Он выглядит несчастным, когда делает это, брови нахмурены, губы сжаты в тонкую линию.

Хотя мои травмы незначительны и получены самым чудесным образом, ему ненавистна мысль о том, что мне больно.

Я снова провожу ночь у него. Он будит меня на рассвете и занимается со мной любовью с бессловесной настойчивостью, от которой у меня перехватывает дыхание. Затем Эйдан отправляется в то тихое место в своей голове, куда он уходит, когда ему нужно спрятаться.

Но я не спрашиваю его, что не так. Я не давлю. Я оставила его в покое.

Он не единственный, у кого есть секреты.

~

Когда я прихожу домой, Фиона уже там. Я нахожу ее в кабинете Майкла, что вызывает во мне вспышку раздражения.

— Что ты здесь делаешь?

Держа метелку из перьев, она резко встает из-за его стола и вздрагивает, когда видит меня.

— Кайла!

— Да, это я. Я здесь живу, помнишь?

Она улыбается виноватой улыбкой.

— Прости, дорогая. Я не слышала, как ты вошла. Ты ходишь как кошка.

Чувствуя себя неловко, я медлю на пороге.

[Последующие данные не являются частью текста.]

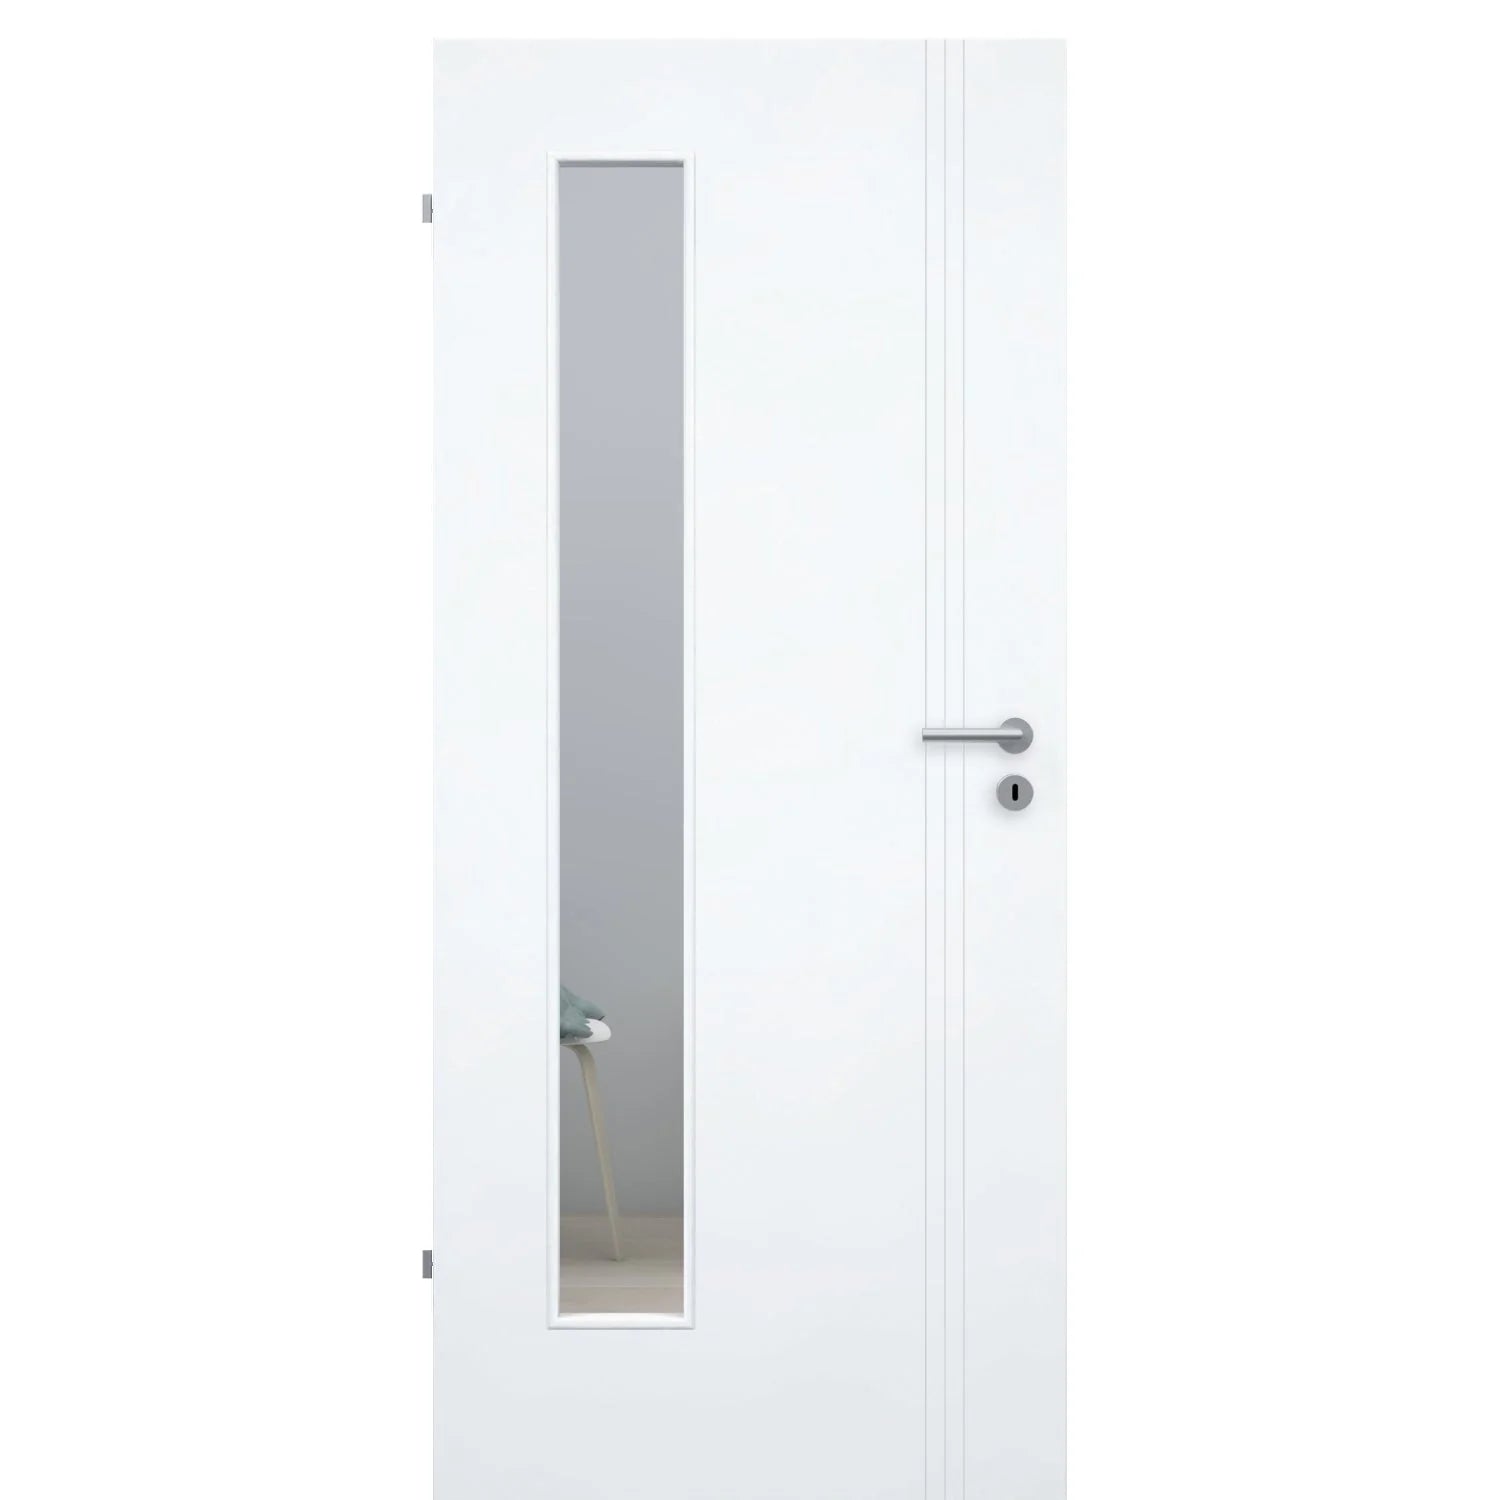 Zimmertür mit Lichtausschnitt brillant-weiß 3 Rillen aufrecht Schlossseite Designkante - Modell Designtür VS33LAB

Я не была в этой комнате с тех пор, как произошел несчастный случай. Дверь была закрыта, и воздух тут спертый. Что-то в этом вызывает у меня чувство клаустрофобии.

— Я не хотела, чтобы в этой комнате убирали. Я думала, что говорила тебе об этом.

— Разве?

— Разве нет?

Она смеется.

— Ну, если ты и говорила, то я не помню.

— Ой. Извини. Честно говоря... я тоже.

Вспоминая, что она сказала на прошлой неделе о возможной причине моих провалов в памяти, я чувствую себя еще более неуютно. Мои щеки пылают, я неловко топчусь на пороге и прочищаю горло.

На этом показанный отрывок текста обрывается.